Analisis Program MBG: Berdampak Ekonomi Daerah dan Pendidikan

Di Sampang, program MBG menyerap kurang lebih 5.400 tenaga kerja.

Siswa menyantap makan bergizi gratis di Sekolah Madrasah Ibtidaiyah Negeri Medan, Sumatera Utara, Rabu (14/1/2026).
Foto: ANTARA FOTO/Yudi Manar
Siswa menyantap makan bergizi gratis di Sekolah Madrasah Ibtidaiyah Negeri Medan, Sumatera Utara, Rabu (14/1/2026).

REPUBLIKA.CO.ID, JAKARTA -- Direktorat Jenderal Politik dan Pemerintahan Umum Kementerian Dalam Negeri (Polpum Kemendagri) menyampaikan hasil monitoring isu program Makan Bergizi Gratis (MBG) di ruang publik. Berdasarkan pemantauan media dan dinamika percakapan masyarakat, program tersebut menunjukkan dampak nyata terhadap ekonomi daerah dan lingkungan pendidikan.

Hasil monitoring Ditjen Polpum mencatat, percakapan terkait MBG berkembang dinamis, khususnya di media sosial. Sejumlah isu insidental sempat menjadi sorotan, namun pada saat yang sama muncul pula pemberitaan dan respons publik yang menyoroti manfaat program terhadap perputaran ekonomi lokal serta keterlibatan UMKM di daerah.

Baca Juga

"Data implementasi di beberapa wilayah memperlihatkan dampak ekonomi yang signifikan. Di Kabupaten Sampang, Jawa Timur, pelaksanaan MBG mendorong perputaran dana sekitar Rp 2,8 miliar per hari serta menyerap kurang lebih 5.400 tenaga kerja," tulis Ditjen Polpun di Jakarta dalam keterangannya, Jumat (27/2/2026).

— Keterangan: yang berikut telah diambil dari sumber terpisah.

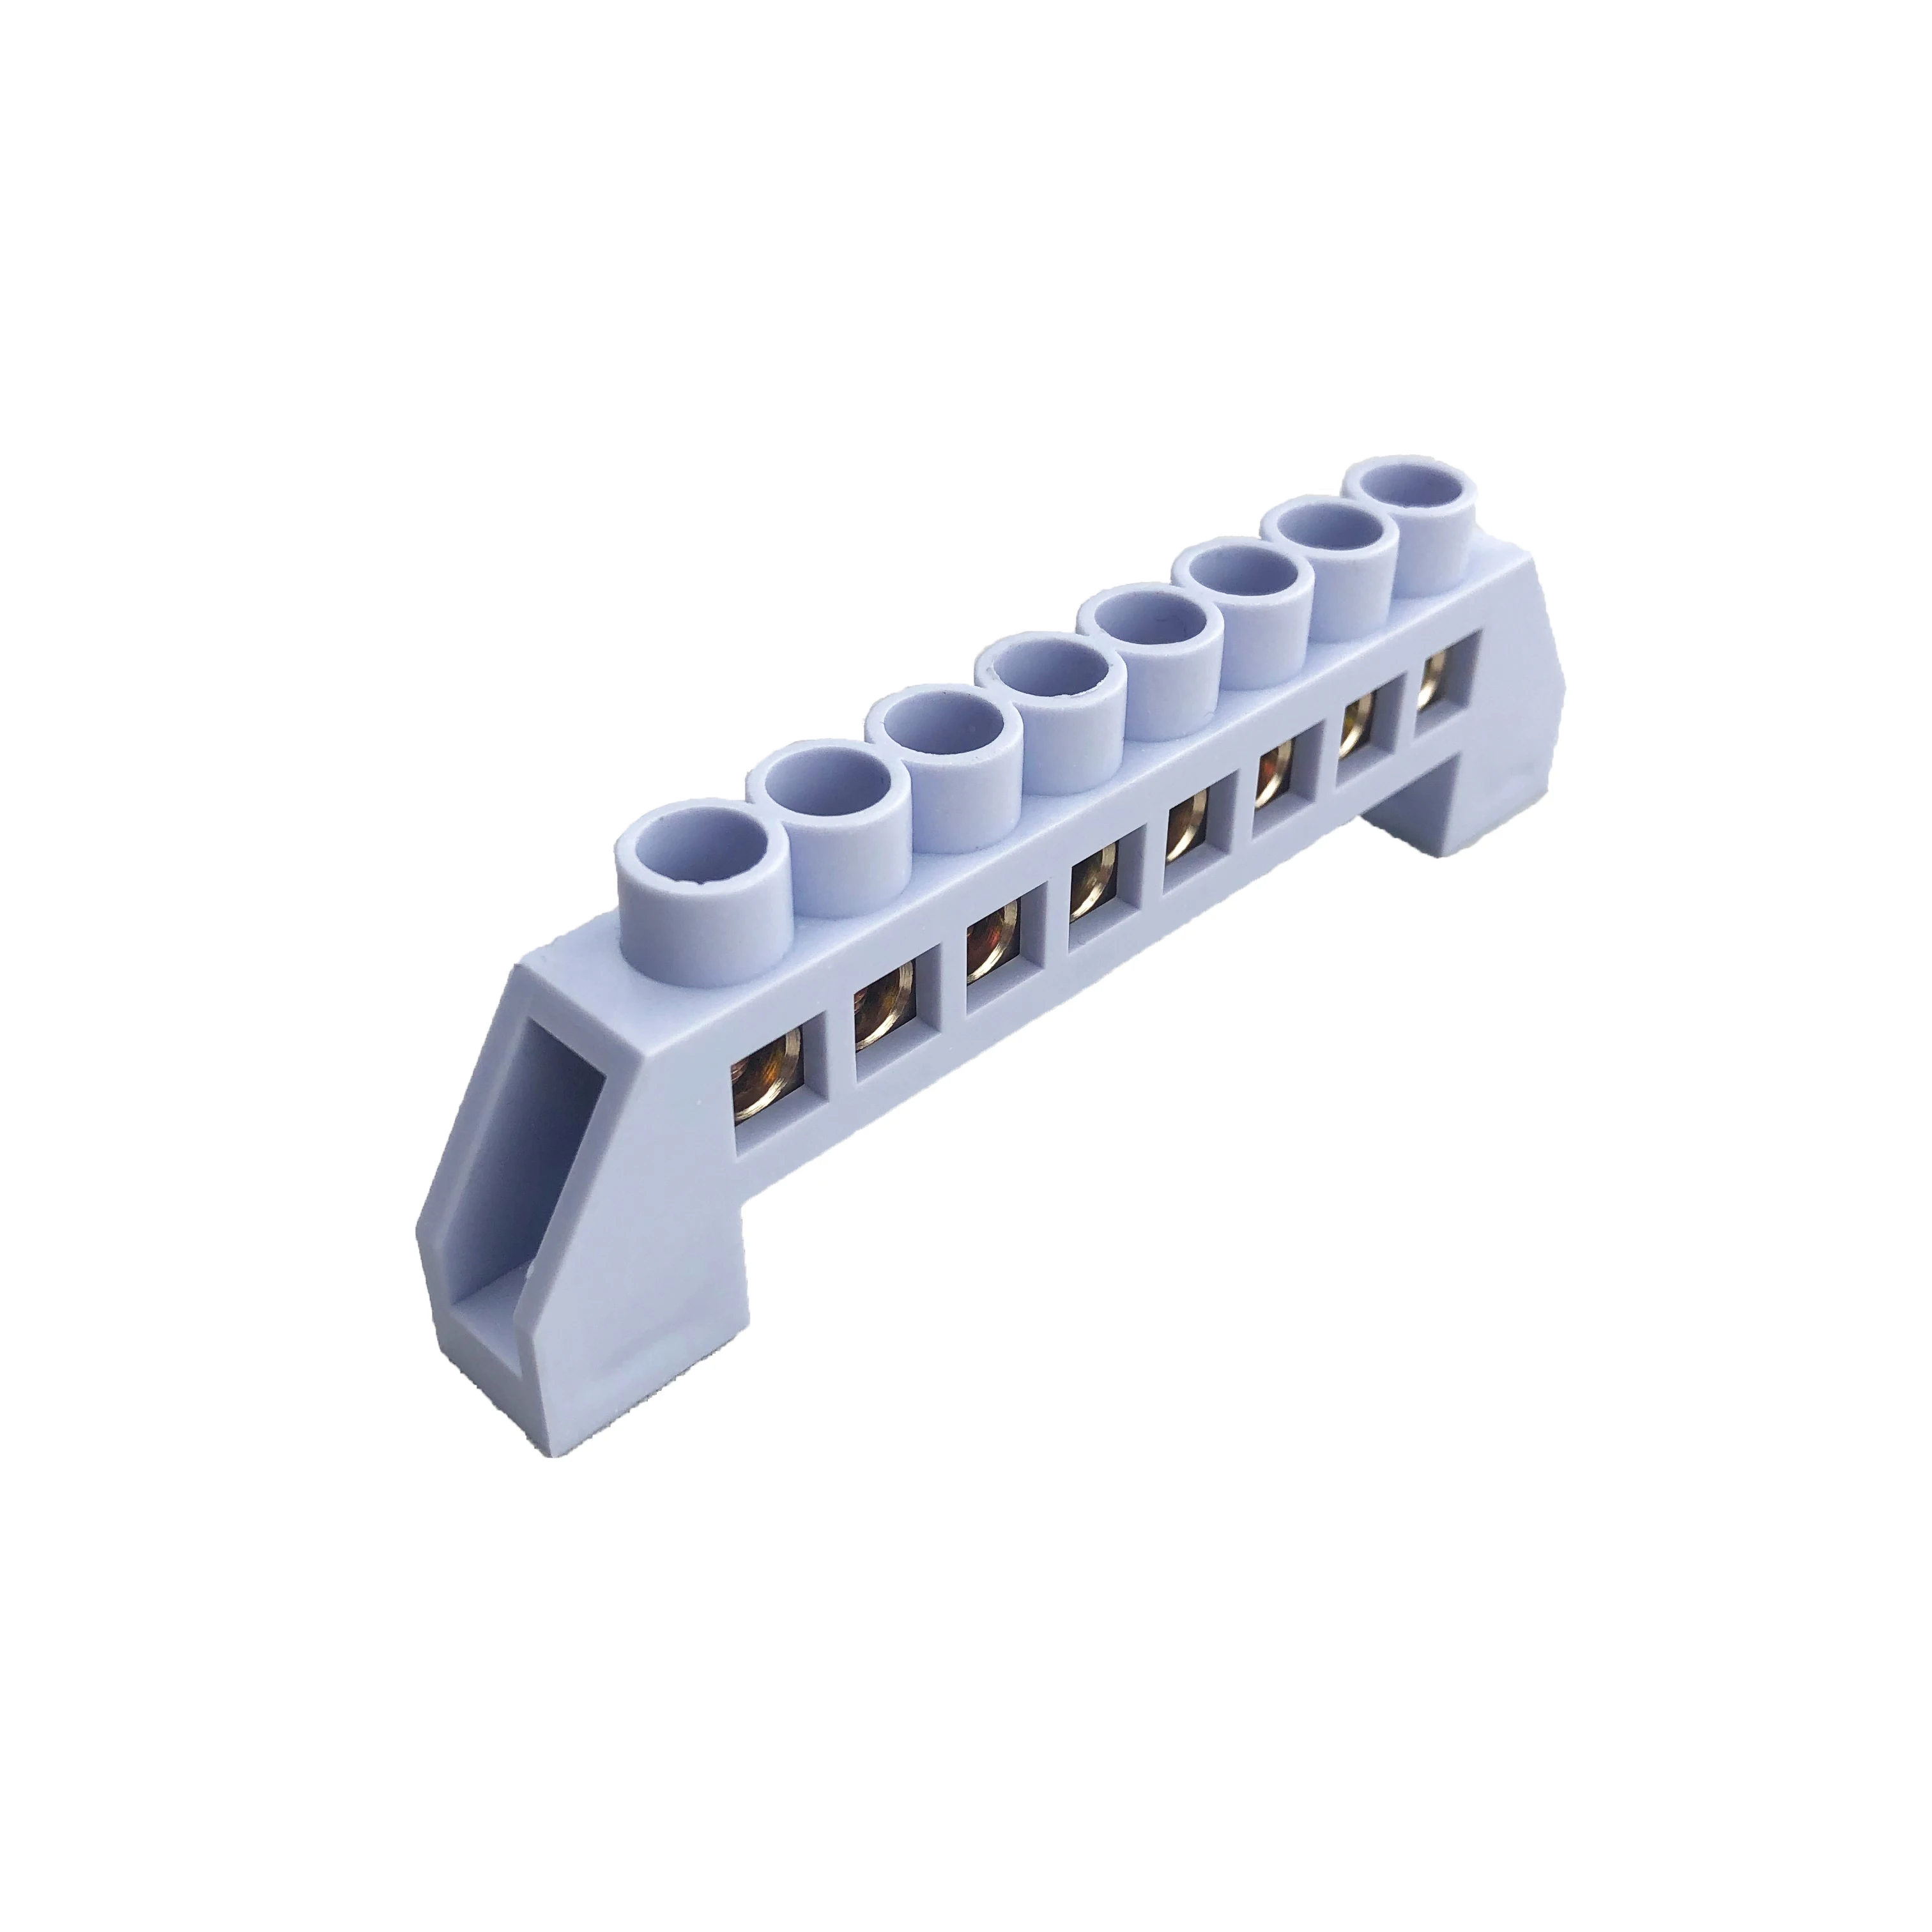 Factory Price Purple White All Plastic Copper Neutral Screw Bar Terminal Blocks For Junction Cabinets (1600455080322)

"Sementara di Kabupaten Serang, Banten, UMKM lokal terlibat aktif dalam rantai pasok bahan pangan. Kondisi ini menunjukkan bahwa program turut berkontribusi dalam penguatan ekonomi masyarakat," ucap Ditjen Polpum.

Selain aspek ekonomi, monitoring juga mencatat respons positif dari lingkungan pendidikan. Pemenuhan kebutuhan gizi siswa dinilai mendukung peningkatan fokus dan kesiapan belajar, sehingga proses pembelajaran berjalan lebih kondusif. Hal itu menjadi indikator, MBG memiliki dimensi strategis dalam mendukung kualitas sumber daya manusia.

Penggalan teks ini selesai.